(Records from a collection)
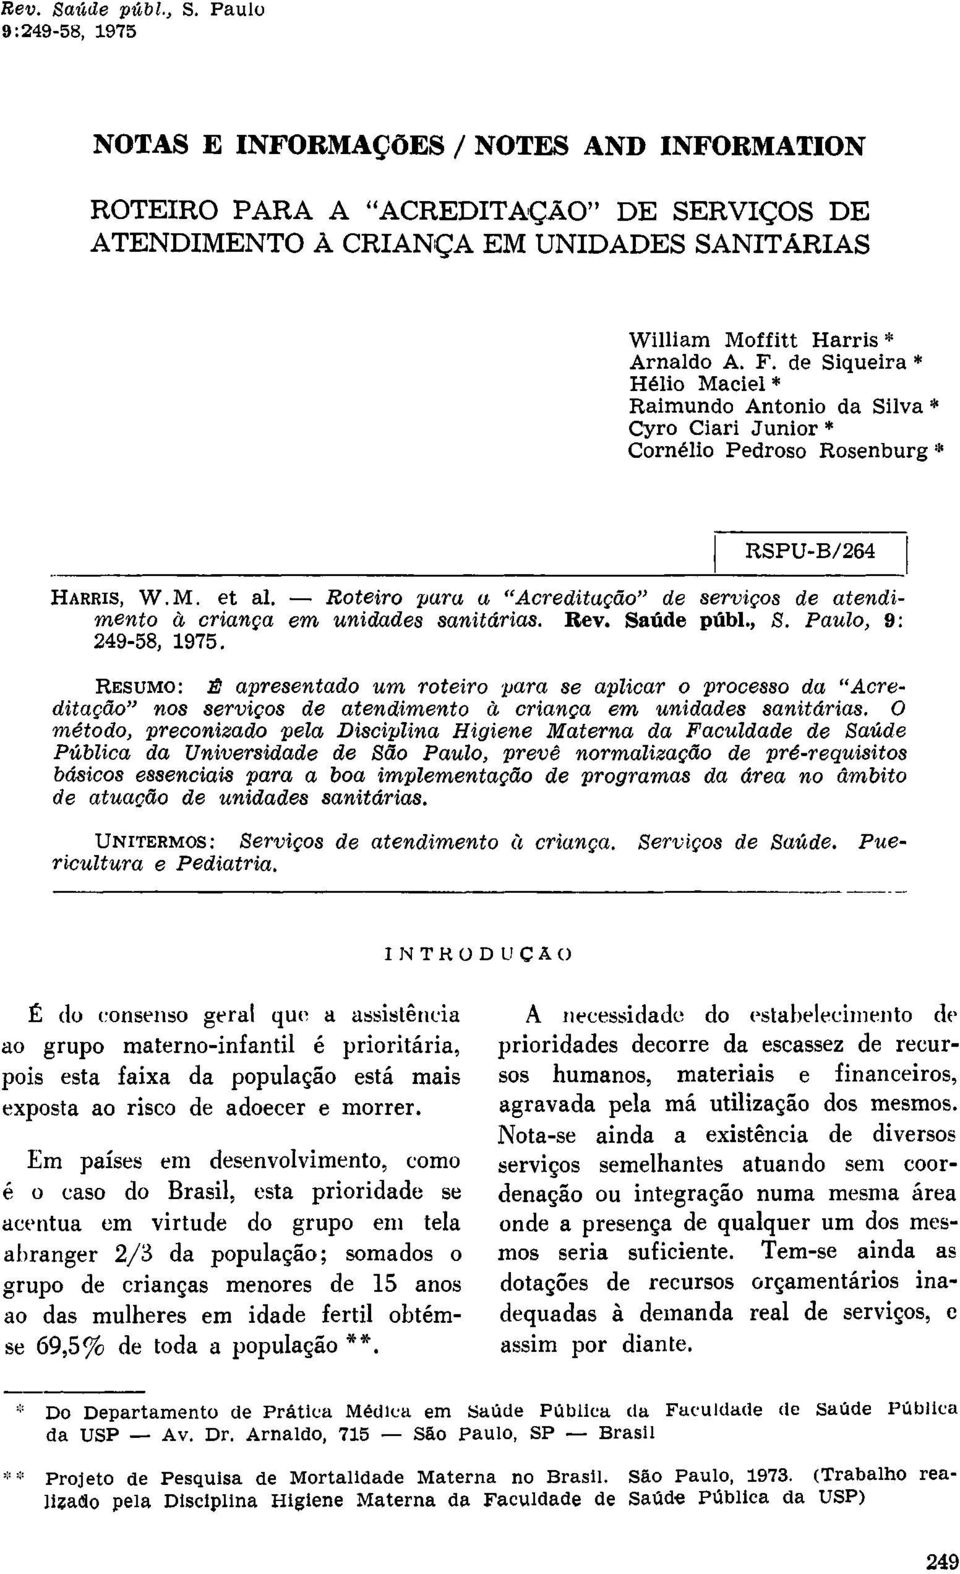 Roteiro para a "Acreditação" de serviços de atendimento à criança em unidades sanitárias. Rev. Saúde públ., S. Paulo, 9: 249-58, 1975.
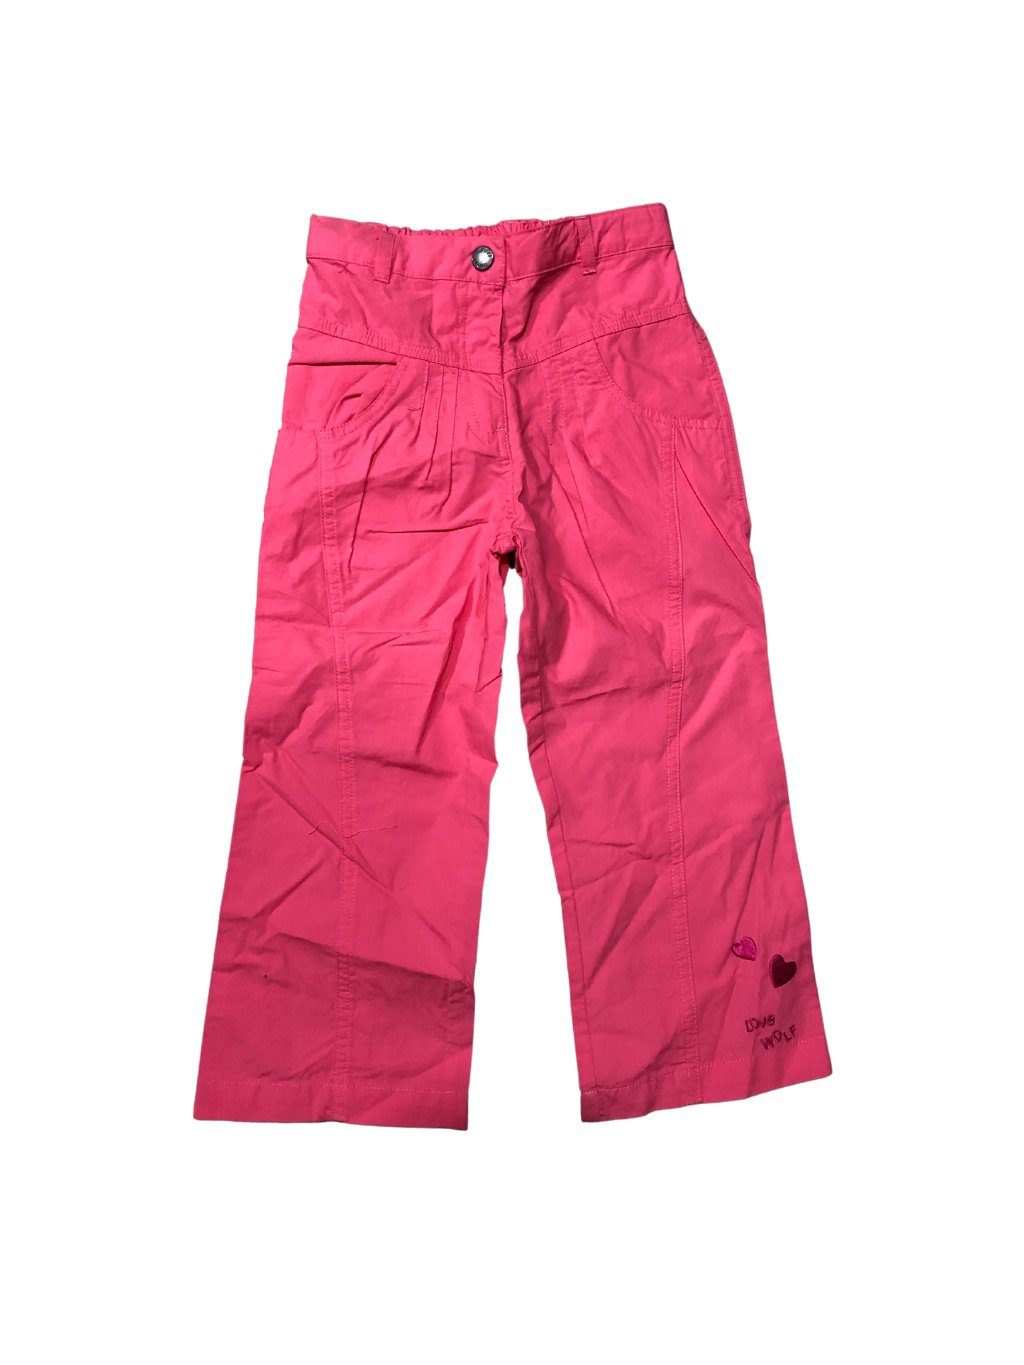 Kalhoty plátěné dětské dívčí (98-128) WOLF T2251
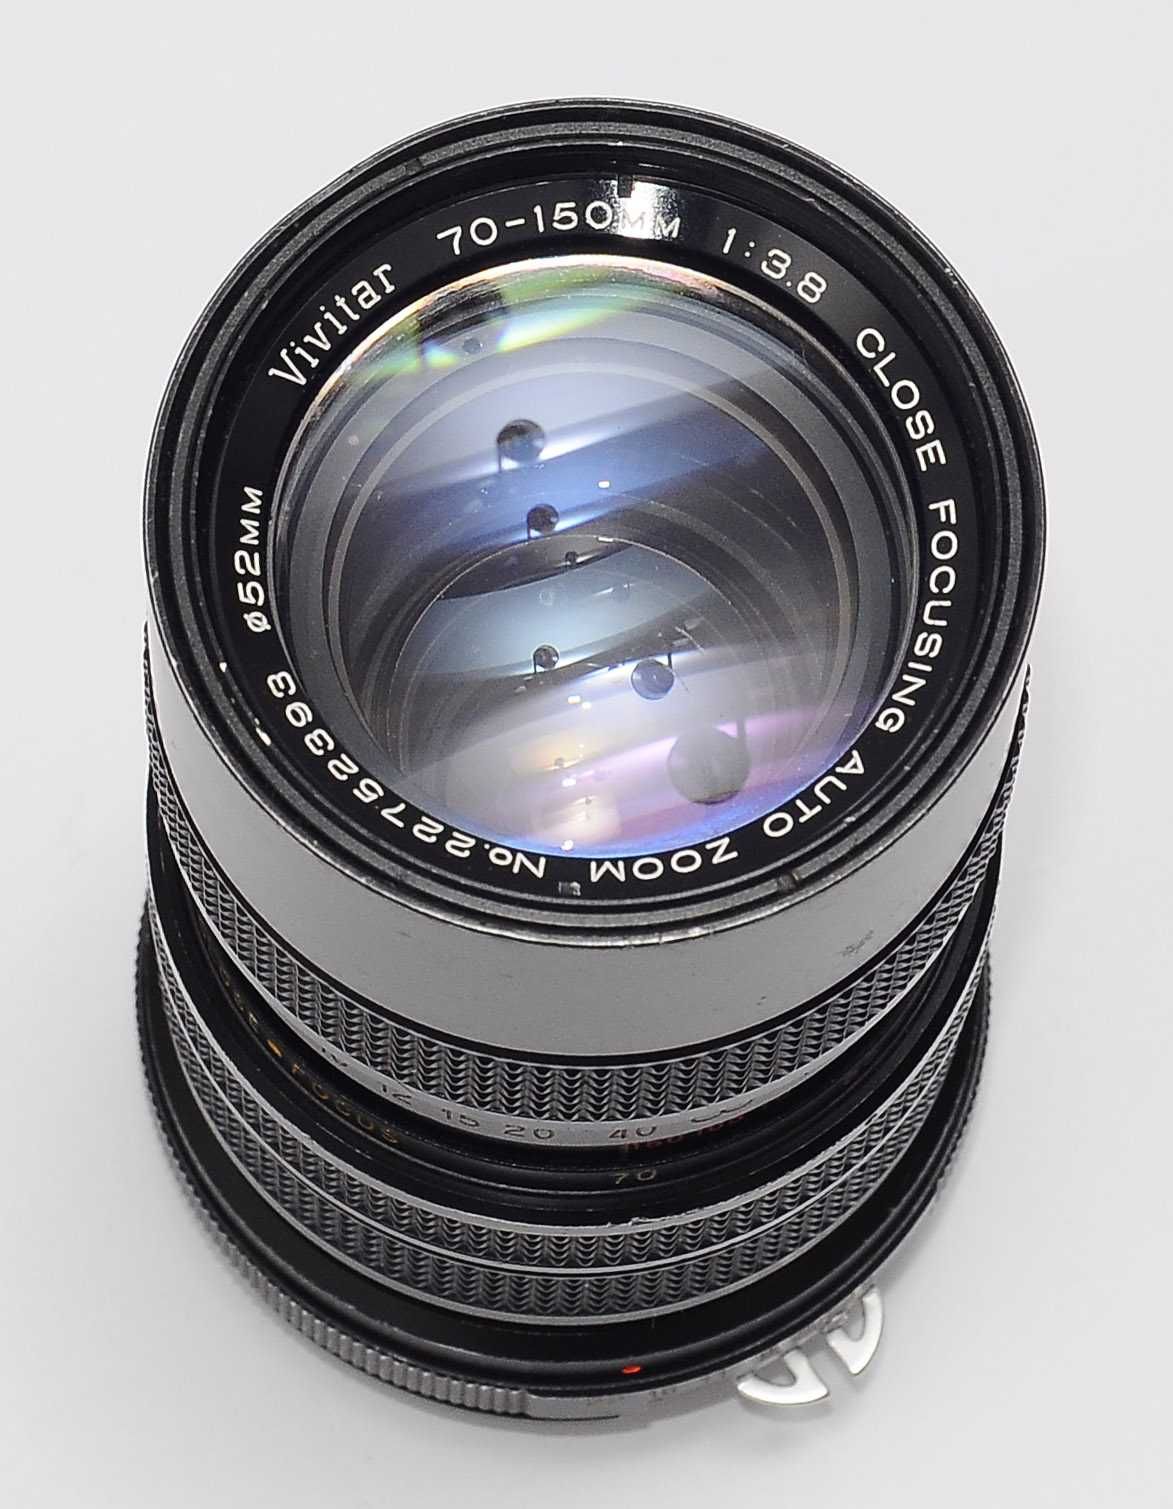 Объектив Nikon Vivitar 70-150mm f/3.8 Zoom Lens SLR для зеркалок Никон
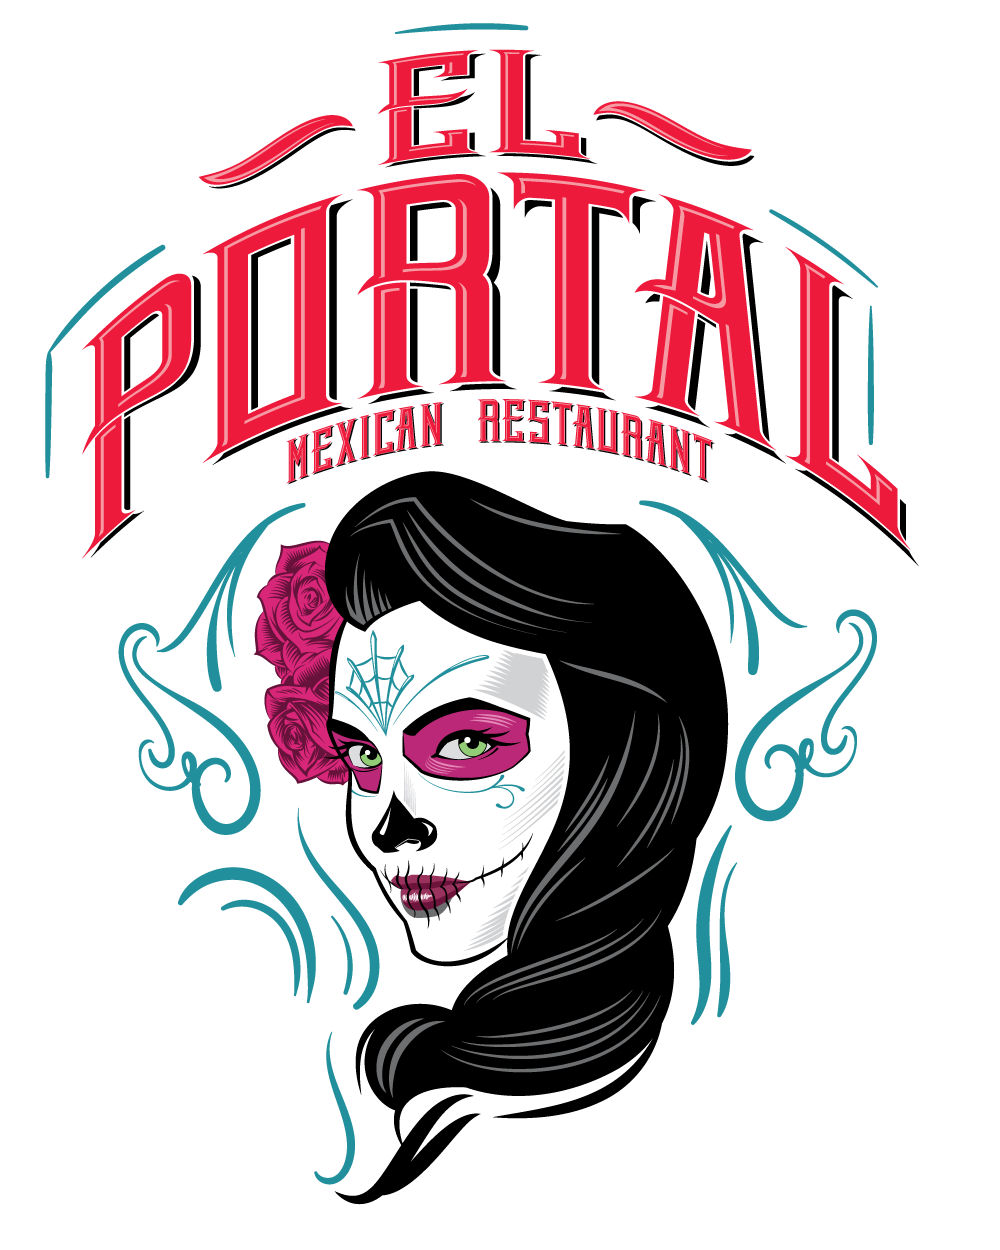 El Portal Mexican Restaurant 
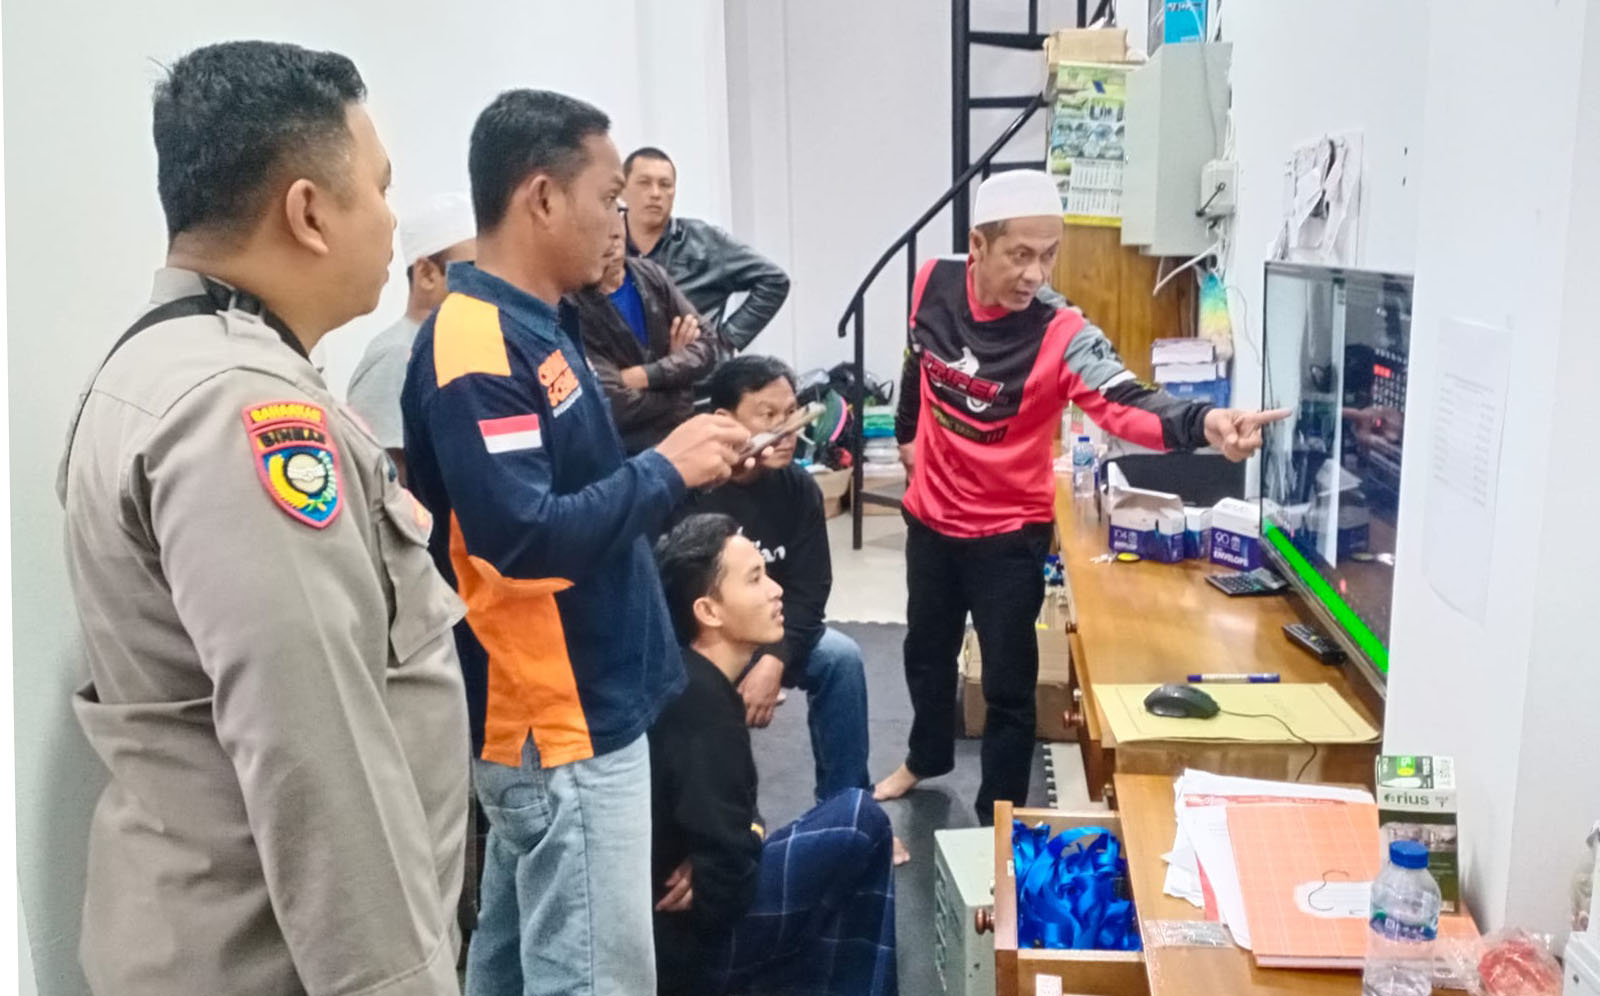 Keterlaluan, 2 Pencuri Bawa Uang Anak Yatim di Masjid Lampung Barat, Aksinya Terekam CCTV
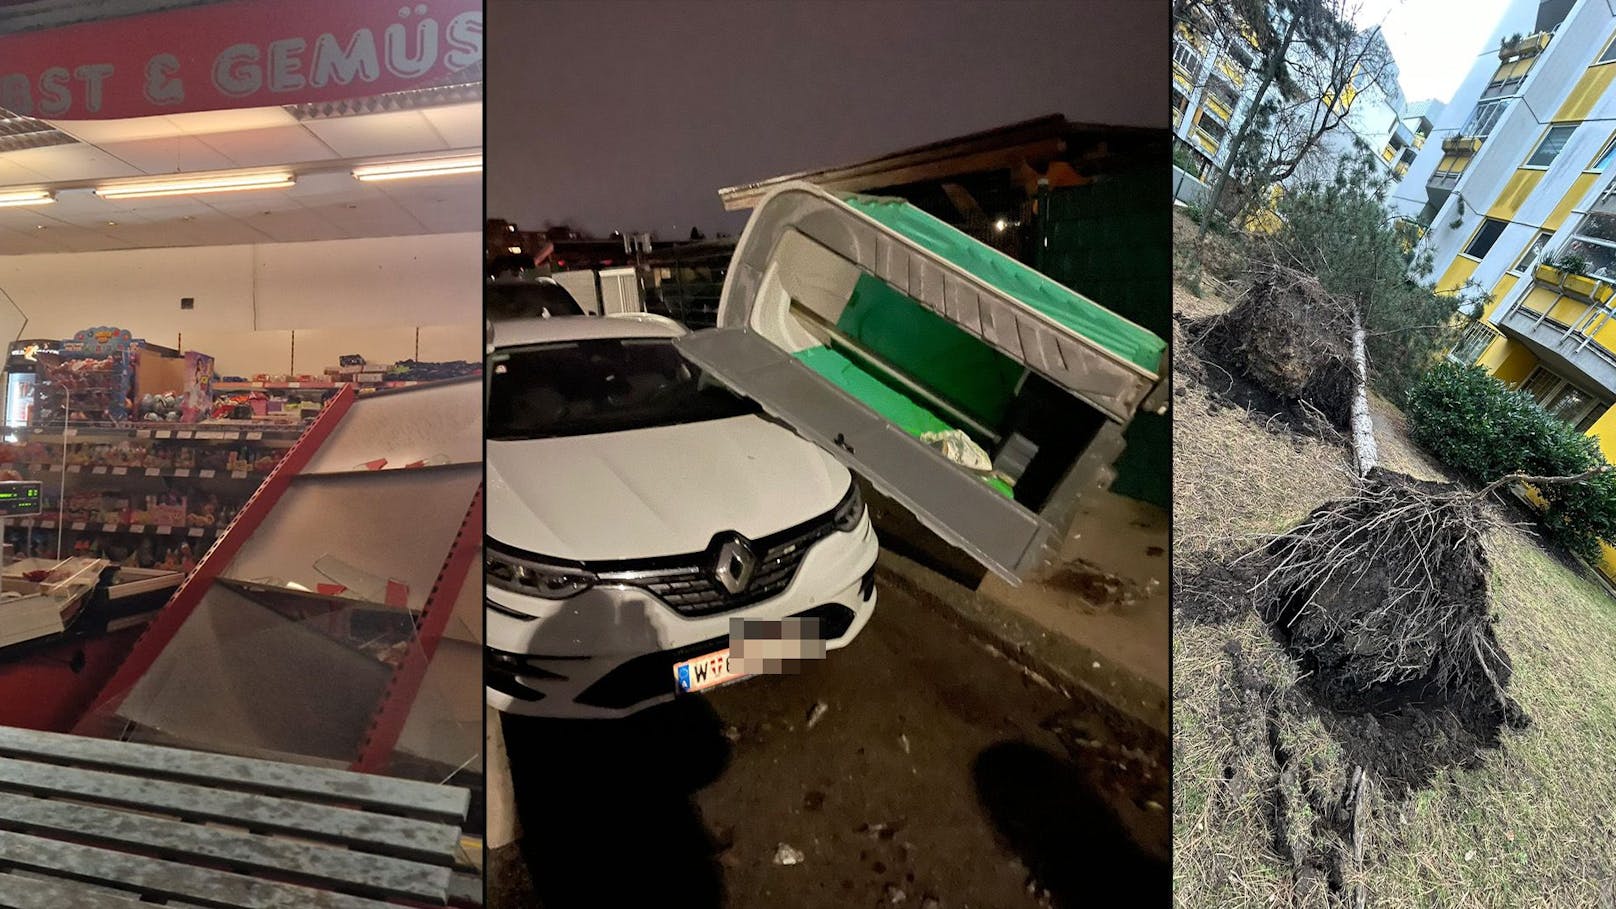 "Sachen fliegen durch die Gegend!" Sturm wütet in Wien

WORK INSTRUCTIONS → Should a record include a picture, omit it from your copy and return the rest unchanged.

RESULT →
 Roteiro para a "Acreditação" de serviços de atendimento à criança em unidades sanitárias. Rev. Saúde públ., S. Paulo, 9: 249-58, 1975.
 Kalhoty plátěné dětské dívčí (98-128) WOLF T2251
 Объектив Nikon Vivitar 70-150mm f/3.8 Zoom Lens SLR для зеркалок Никон
 El Portal Mexican Restaurant 
 Keterlaluan, 2 Pencuri Bawa Uang Anak Yatim di Masjid Lampung Barat, Aksinya Terekam CCTV
 "Sachen fliegen durch die Gegend!" Sturm wütet in Wien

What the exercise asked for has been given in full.